1 Complainant asserts in his brief that his claim is under six environmental protection laws. He further states that Synagro concedes to the applicability of the Water Pollution Control Act (WPCA). A review of the OSHA decision of record reveals that the complainant did not file a discrimination complaint under the WPCA.

2 The common law test for employee is:

In determining where a hired party is an employee under the general common law of agency, we consider the hiring partys right to control the manner and means by which the product is accomplished. Among the other factors relevant to this inquiry are the skill required; the source of instrumentalities and tools; the location of the work; the duration of the relationship between the parties; whether the hiring party has the right to assign additional projects to the hired party; the extent of the hired partys discretion over when and how long to work; the method of payment; the hired partys role in hiring and paying assistants; whether the work is part of the regular business of the hiring party; whether the hiring party is in business; the provision of employee benefits; and the tax treatment of the hired party.

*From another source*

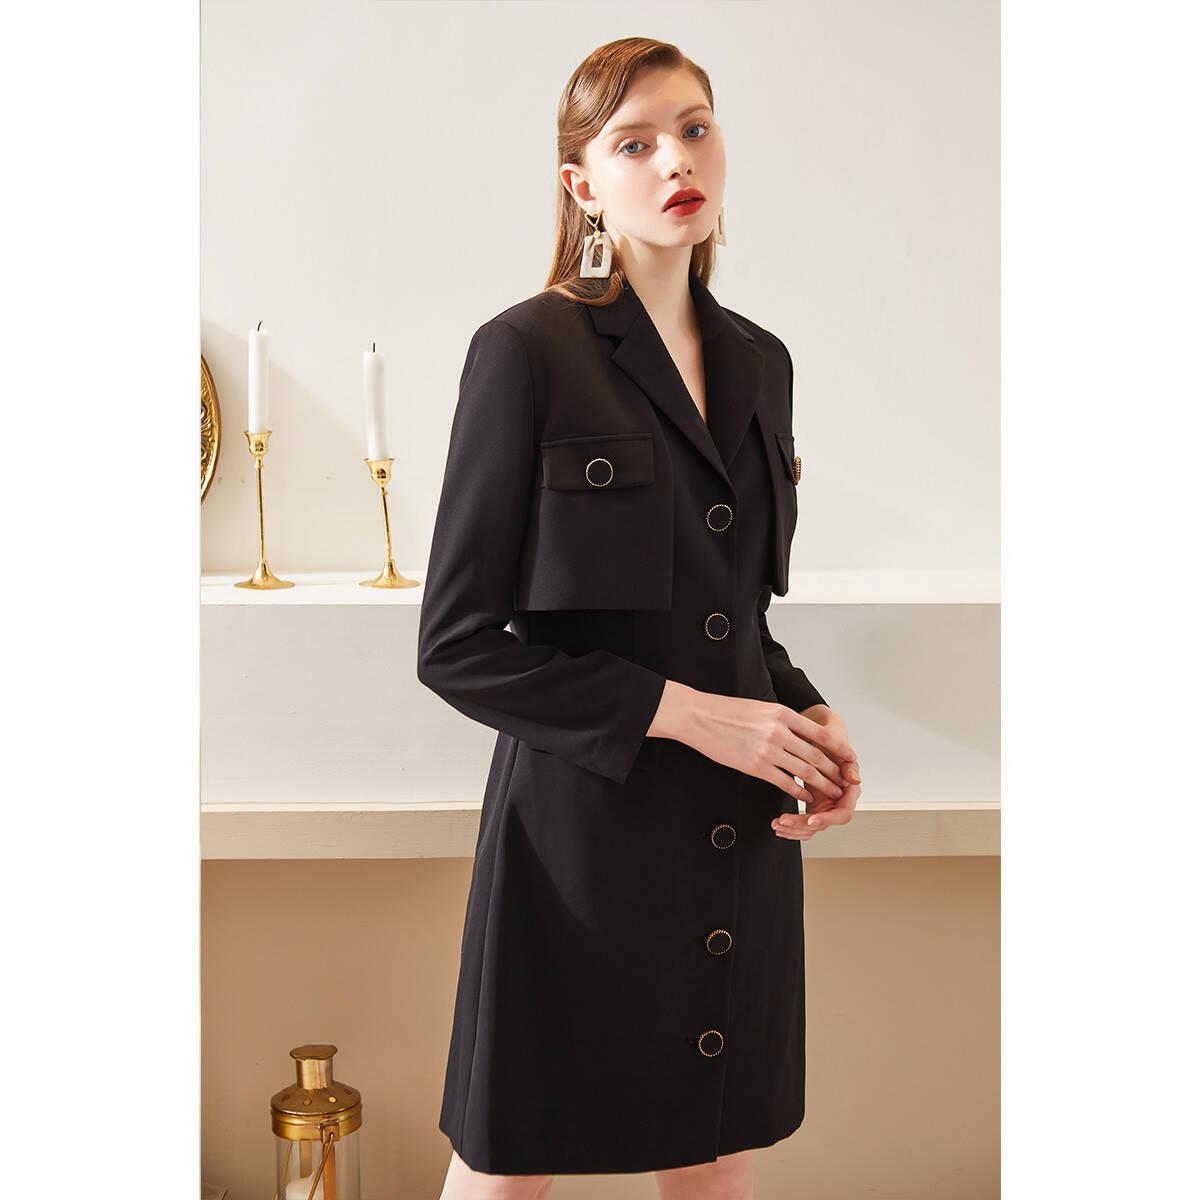 展现女性魅力 周口戈蔓婷女装加盟店帮助女性打造时尚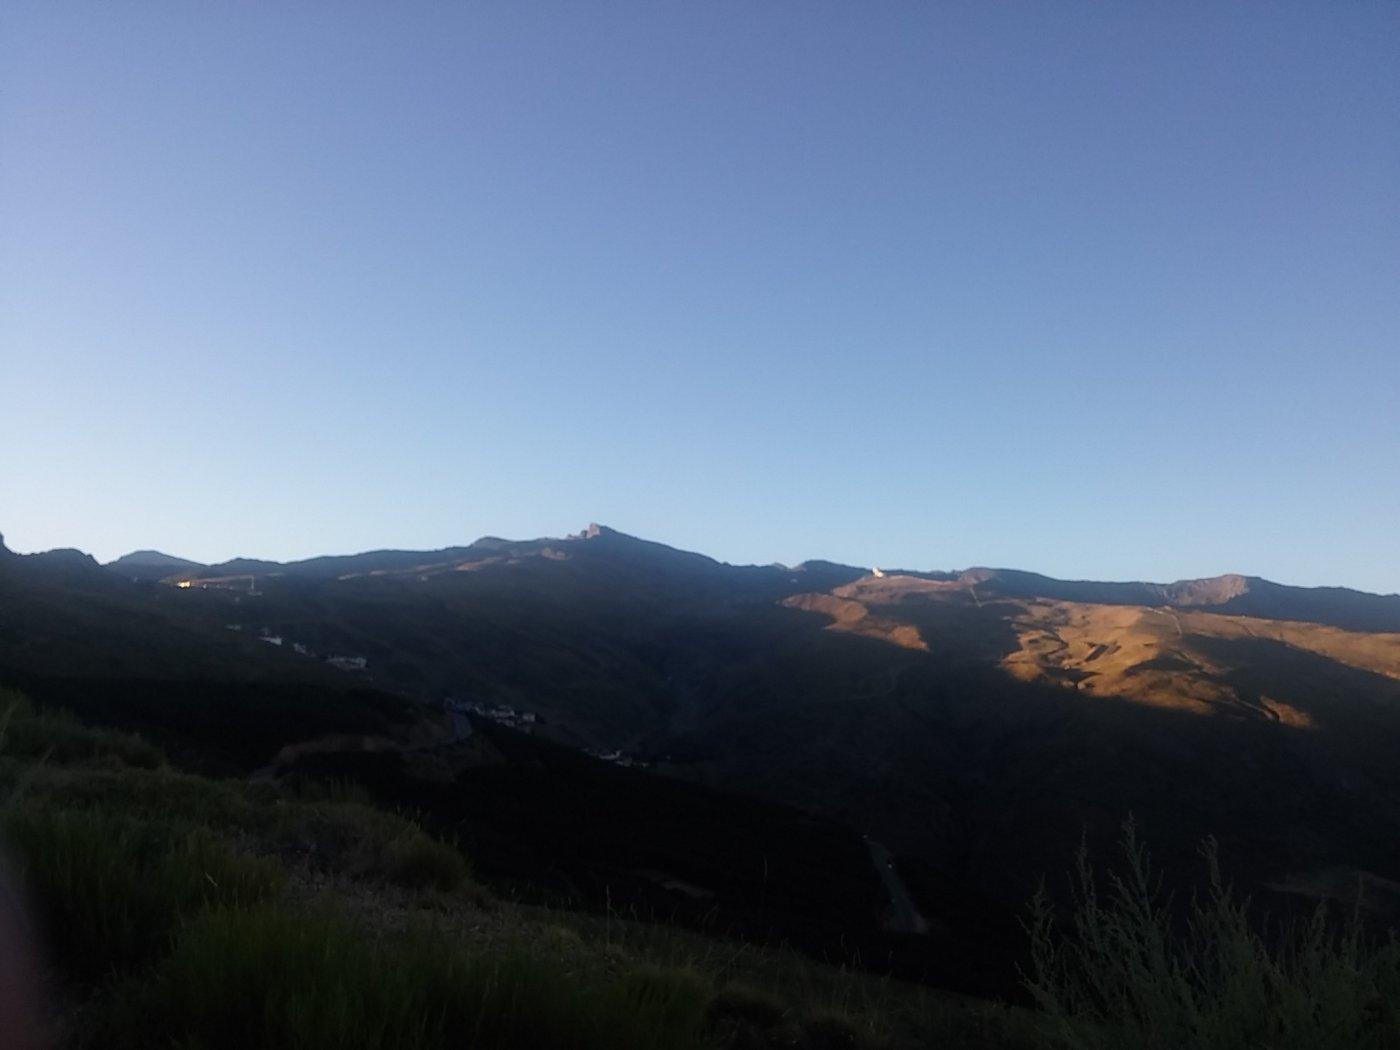 Pico de Veleta e Mulhacen in vista lungo la strada di avvicinamento

Nationwide Mutual Insurance v. Darden, 503 U.S. 318, 323 (1992) (citing Community for Creative Non-Violence v. Reid, 490 U.S. 730 (1989)).

3 § 9610 of CERCLA provides in pertinent part:

    No person shall fire or in any other way discriminate against, or cause to be fired or discriminate against, any employee or authorized representative of employees . . .

42 U.S.C. § 9610(a) (1988).

   The SWDA whistleblower provision is similar to the CERCLA provision. 42 U.S.C. § 6971(a) (1988).